Anthony Liguori wrote:
2. Introduce a length field to the header of each device.
IMHO, this would reduce robustness. It's also difficult because of the
way savevm registration works. You don't know how large a section is
until it's written and migration streams are not seekable.
The way HTTP deals with not knowing the size in advance is is to split
data into chunks, each chunk the size of a small write buffer, and a
chunk size is written in front of each one. This allows storing
sections of binary data whose size isn't known in advance, but still
safely skip them.
This would allow to skip unknown (or unwanted) devices.
No good can come from this. If you have an unknown section, you must
throw and error and stop the migration. What if this is for a device
that the guest is interacting with? The device just disappears after
migration? All savevm state is state that affects the functionality of
a guest. Throwing away this state will change the functionality of the
VM and migration should not affect guest functionality.
What if you're migrating from a snapshot made on a host with some
pass-through USB device to another host which cannot provide the same
device. In that case I'd like the option for the guest to see the
device has disappeared.

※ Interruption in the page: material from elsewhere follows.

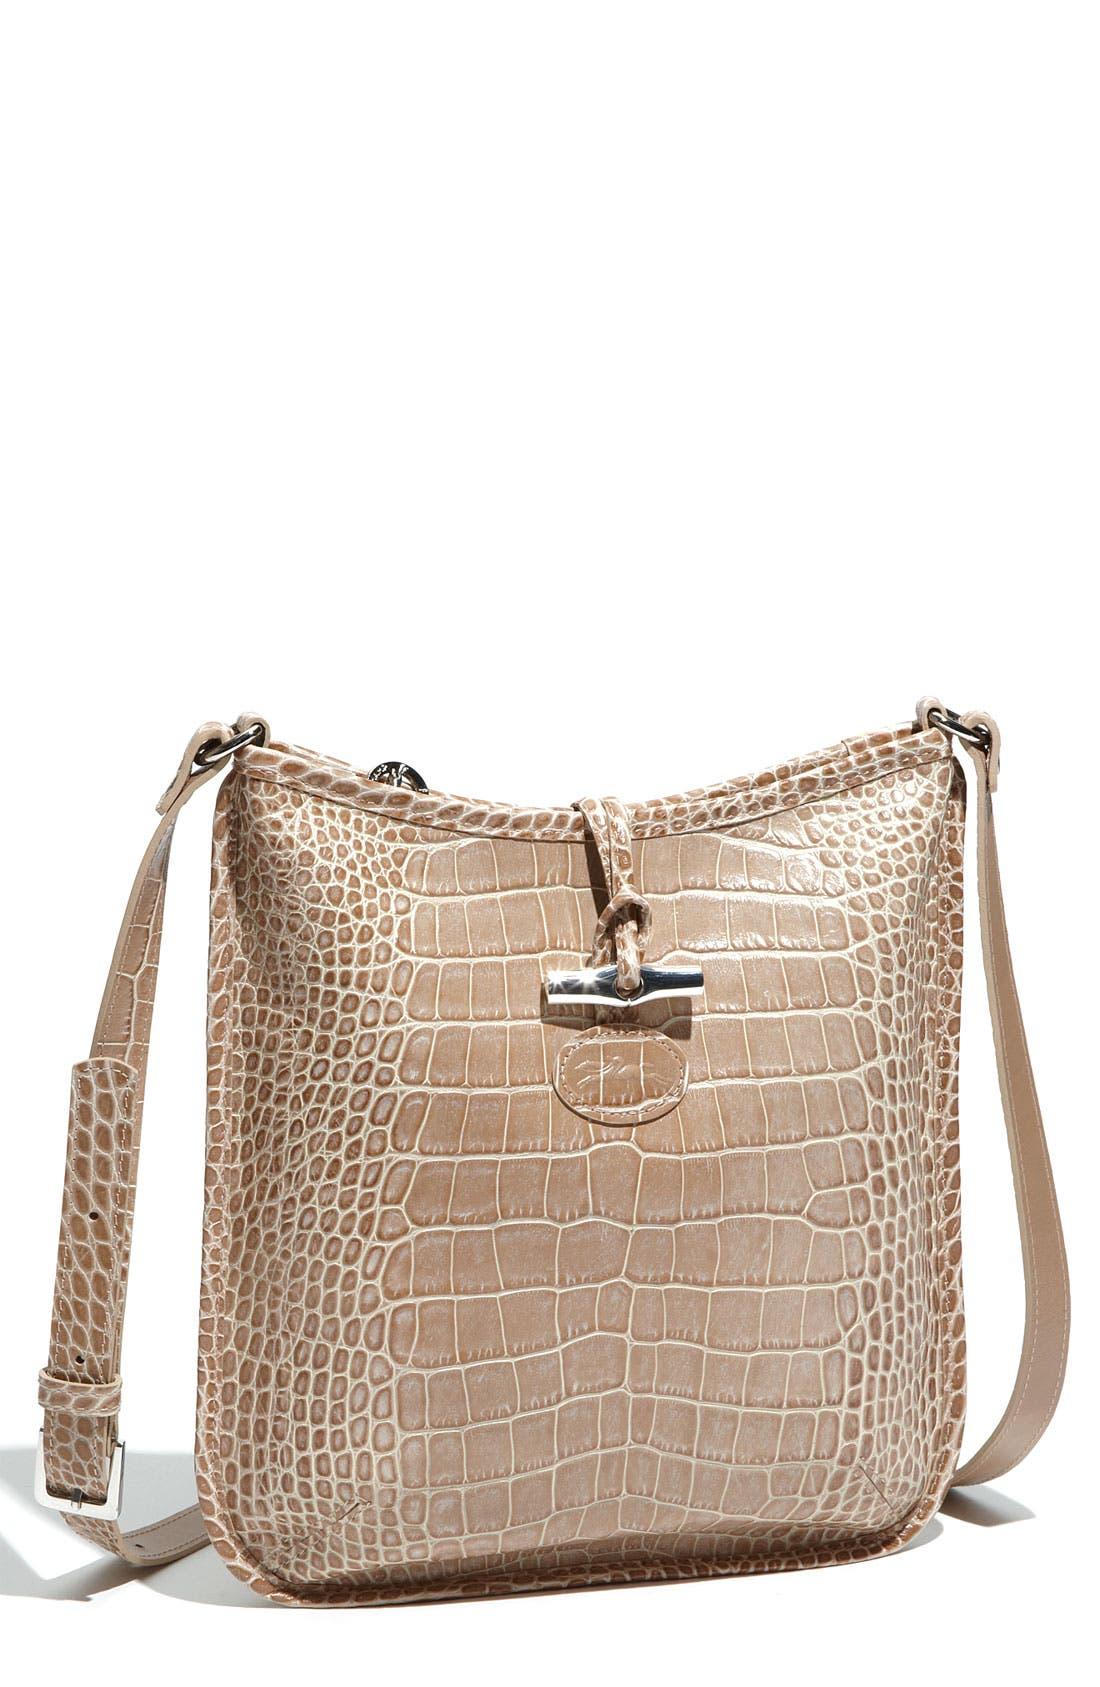 Alternate Image 1 Selected - Longchamp 'Roseau' Croc Embossed Crossbody Bag

Maybe it's stopped working (HPET), or maybe
it's unplugged (anything hot unpluggable).
What are the use cases where you think this would be beneficial? I
really see the change in semantics from the old way (throwing away
unknown sections) to the new way (requiring strict versioning and
validating all sections) as being a huge step toward robustness.
I've been upset at a "savevm" which I wrote with some past version of
QEMU that I couldn't load in a later version. It wasn't obvious why,
just that it refused. And I didn't have the old version, or even know
which the old version was. And even if I could have reconstructed the
old QEMU - I wanted to migrate to a newer version. It's no fun having
to reconstruct a carefully primed guest snapshot test state from its
reboot, if that can be avoided.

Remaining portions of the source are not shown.